# Upside down goat!;)



## kenzie (Sep 22, 2013)

This is my little one year old boer wether named Murray being a little ham!!


----------



## NyGoatMom (Jan 26, 2013)

Cute


----------



## kenzie (Sep 22, 2013)

Thank you!!


----------



## dallaskdixie (Jan 3, 2014)

look at these two little buddies. Murray acts like my horse Frosty, she's a ham too.


----------



## kenzie (Sep 22, 2013)

Haha i know Frosty is one haha!!


----------



## dallaskdixie (Jan 3, 2014)

Ya she acts like the big star of the show


----------



## kenzie (Sep 22, 2013)

Haha those are two cute goats which ones are they?


----------



## dallaskdixie (Jan 3, 2014)

Dixie is the bigger one and Honey is the small one and trust me she is no honey! Haha


----------



## dallaskdixie (Jan 3, 2014)

H






. Here's another ham!


----------



## kenzie (Sep 22, 2013)

Aww too cute!!


----------



## dallaskdixie (Jan 3, 2014)

Ya little Clyde is so fat now his horns are getting big.


----------



## toth boer goats (Jul 20, 2008)

LOL, too cute.


----------



## dallaskdixie (Jan 3, 2014)

Ya we just got him a few weeks ago


----------



## kenzie (Sep 22, 2013)

How is clyde doing?


----------



## dallaskdixie (Jan 3, 2014)

He's getting fat and fuzzy. I think he's got something. He's got the runs.

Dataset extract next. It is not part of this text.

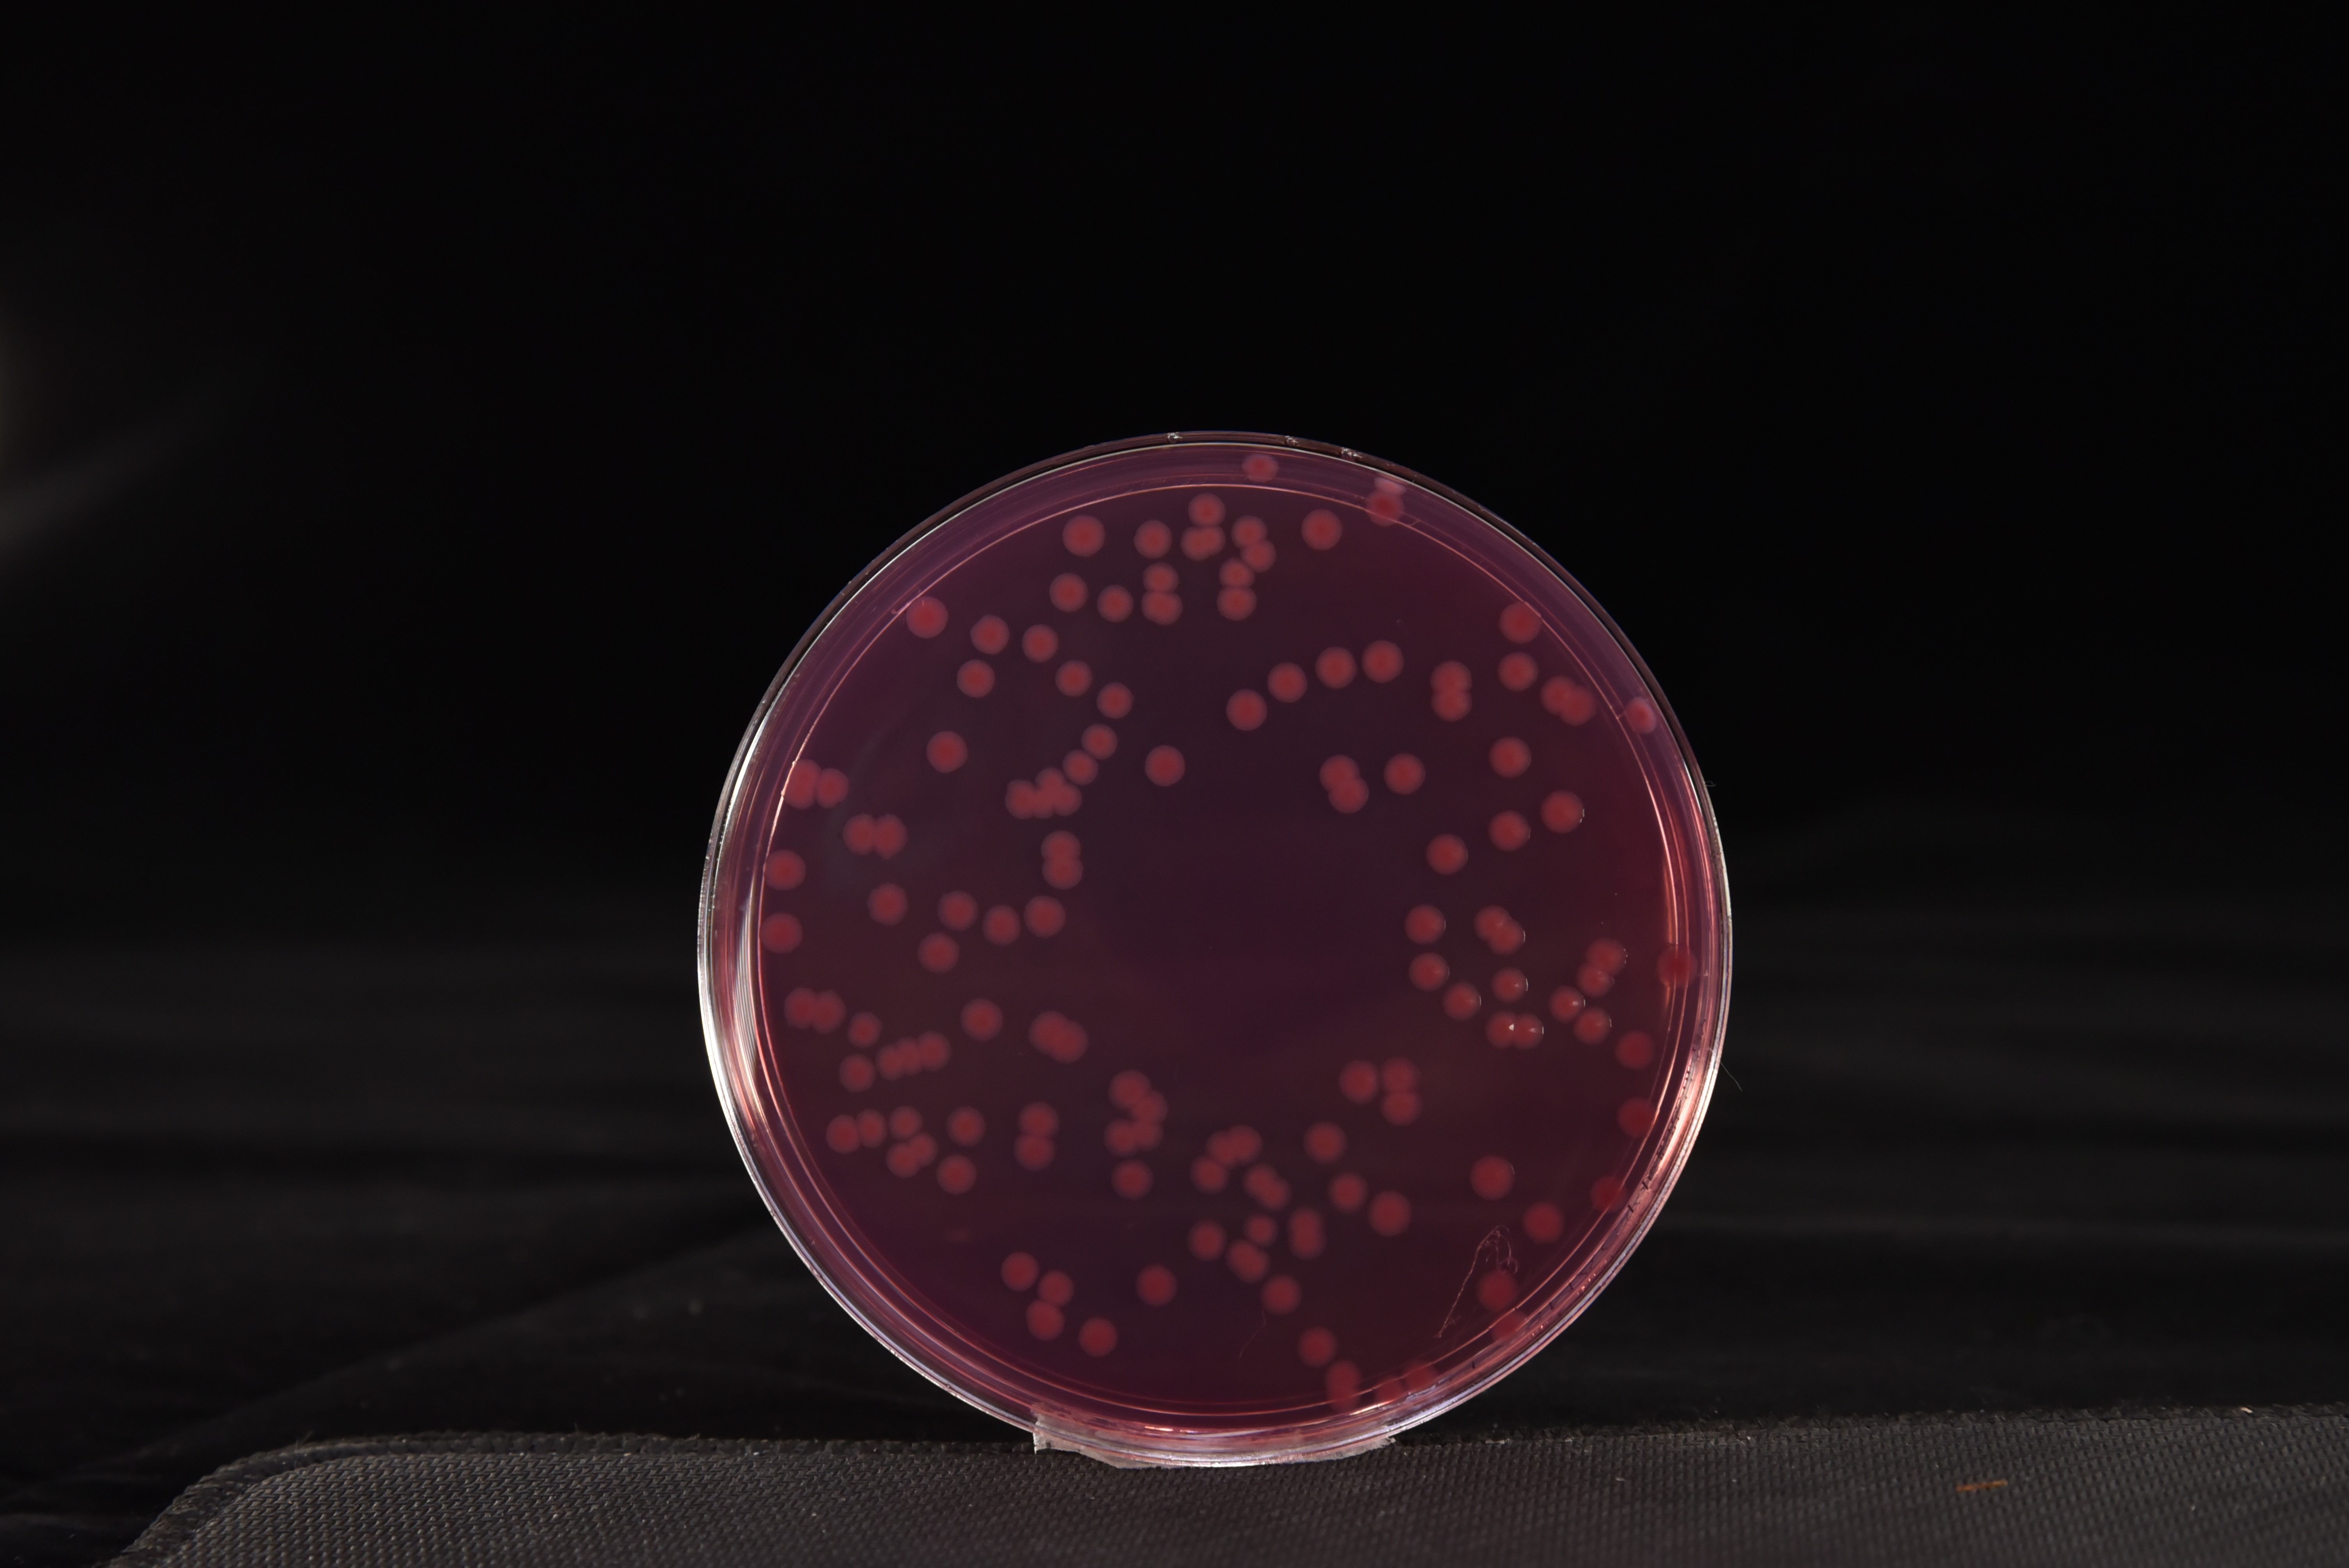 大肠杆菌O157:H7/NM菌落特征

If that's not what you mean text me


----------



## kenzie (Sep 22, 2013)

If he has the runs start a new thread under health and wellness and people can help you, are you giving him any meds or did u change his feed recently?


----------



## dallaskdixie (Jan 3, 2014)

Trevor's feeding them idk whether he's changed the feed or not


----------



## kenzie (Sep 22, 2013)

That may be it cause if we ever change feed then they will start the runs


----------



## dallaskdixie (Jan 3, 2014)

He's also got eye gunk real bad


----------



## kenzie (Sep 22, 2013)

Yea you should start a thread


----------



## dallaskdixie (Jan 3, 2014)

Ahite how do you do that?


----------



## kenzie (Sep 22, 2013)

Private message me


----------